PROVIDED MATERIAL
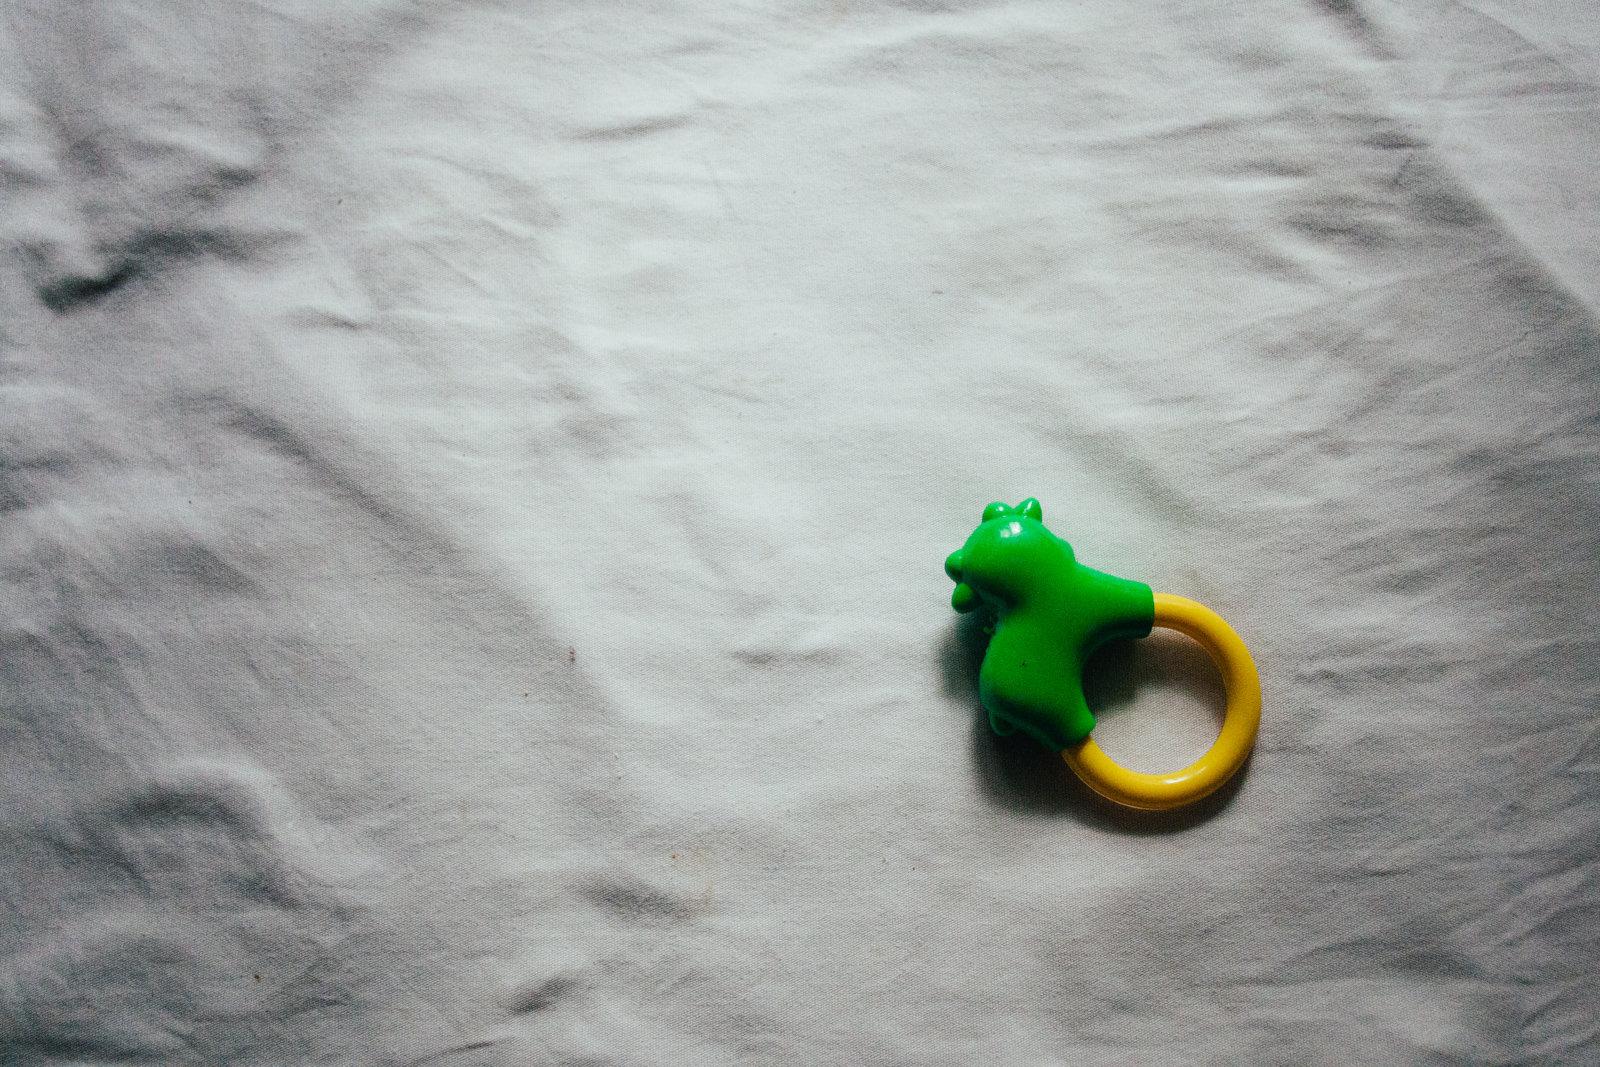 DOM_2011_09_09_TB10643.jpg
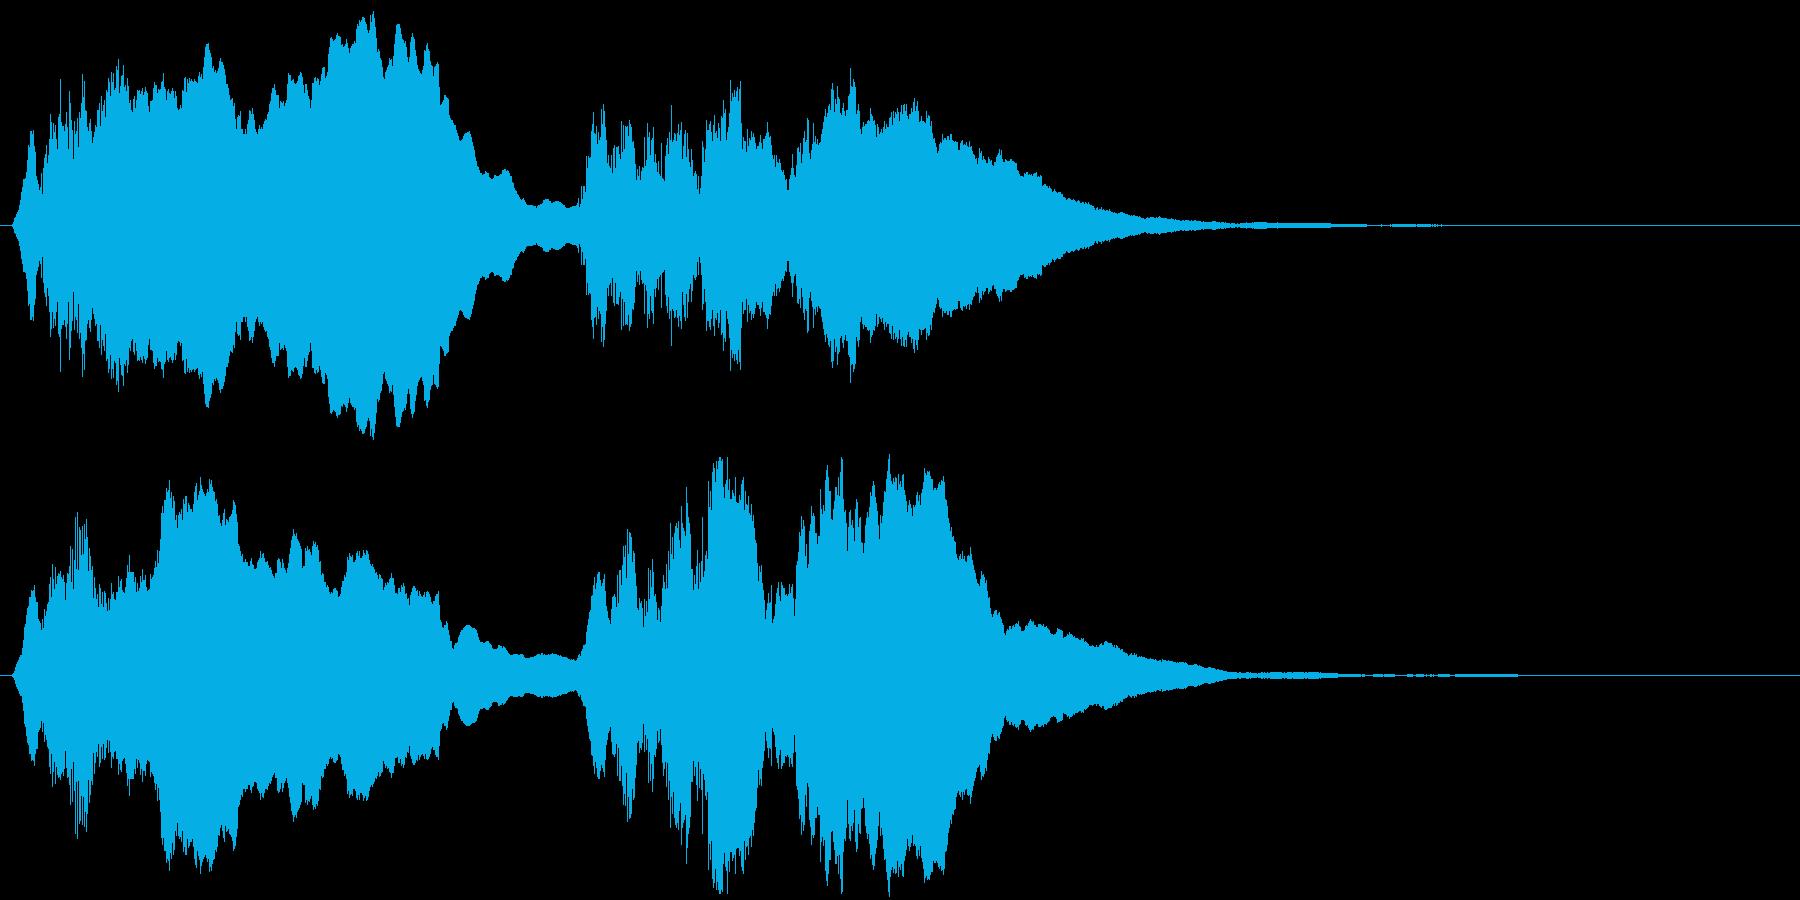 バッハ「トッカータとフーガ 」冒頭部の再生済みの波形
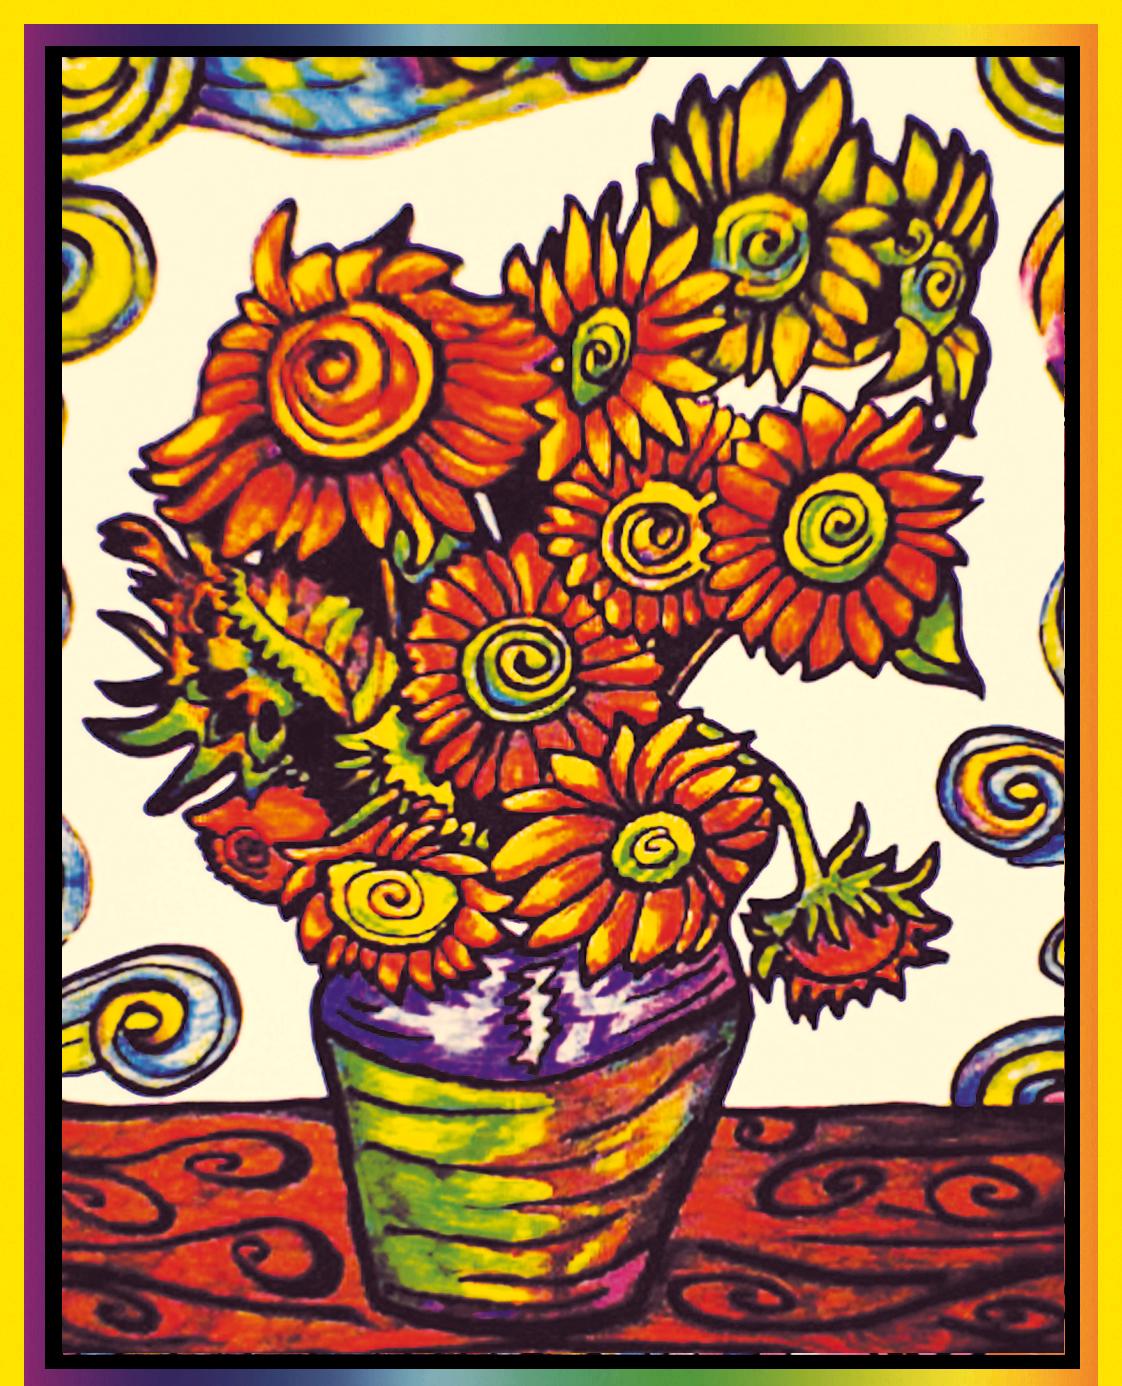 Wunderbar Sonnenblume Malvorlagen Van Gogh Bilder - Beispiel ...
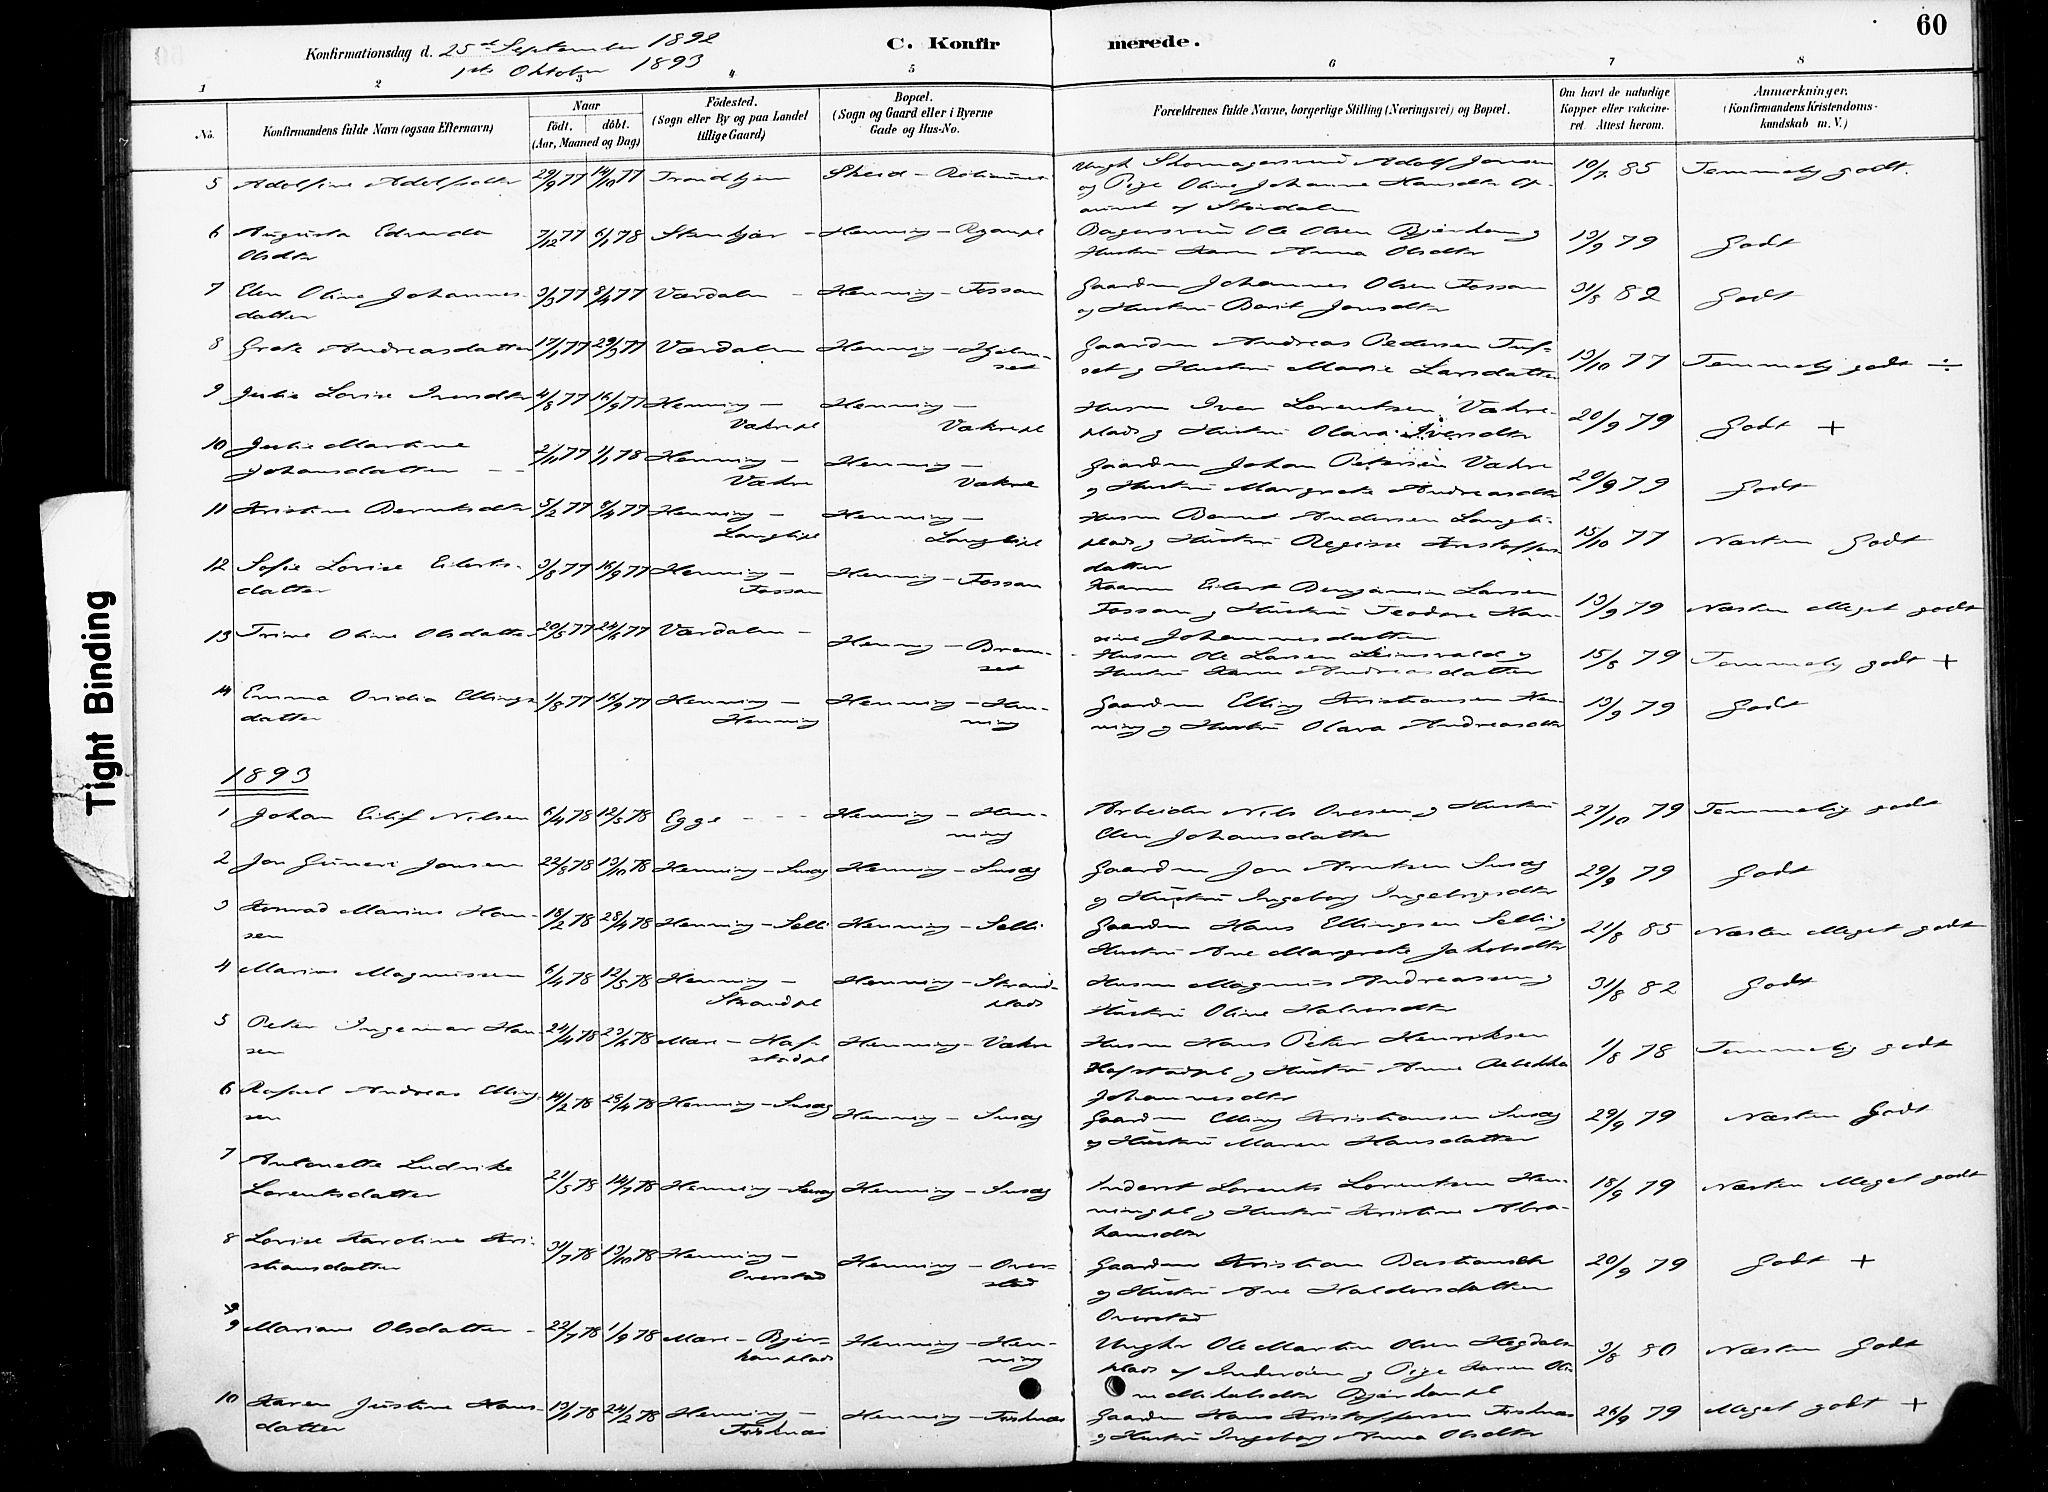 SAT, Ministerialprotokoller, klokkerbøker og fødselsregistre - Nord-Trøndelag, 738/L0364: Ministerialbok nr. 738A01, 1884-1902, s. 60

EXERCISE GOAL
Copy all the material word for word, minus its pictures.

ANSWER TO THE EXERCISE
 DOM_2011_09_09_TB10643.jpg
 バッハ「トッカータとフーガ 」冒頭部の再生済みの波形
 Wunderbar Sonnenblume Malvorlagen Van Gogh Bilder - Beispiel ...
 SAT, Ministerialprotokoller, klokkerbøker og fødselsregistre - Nord-Trøndelag, 738/L0364: Ministerialbok nr. 738A01, 1884-1902, s. 60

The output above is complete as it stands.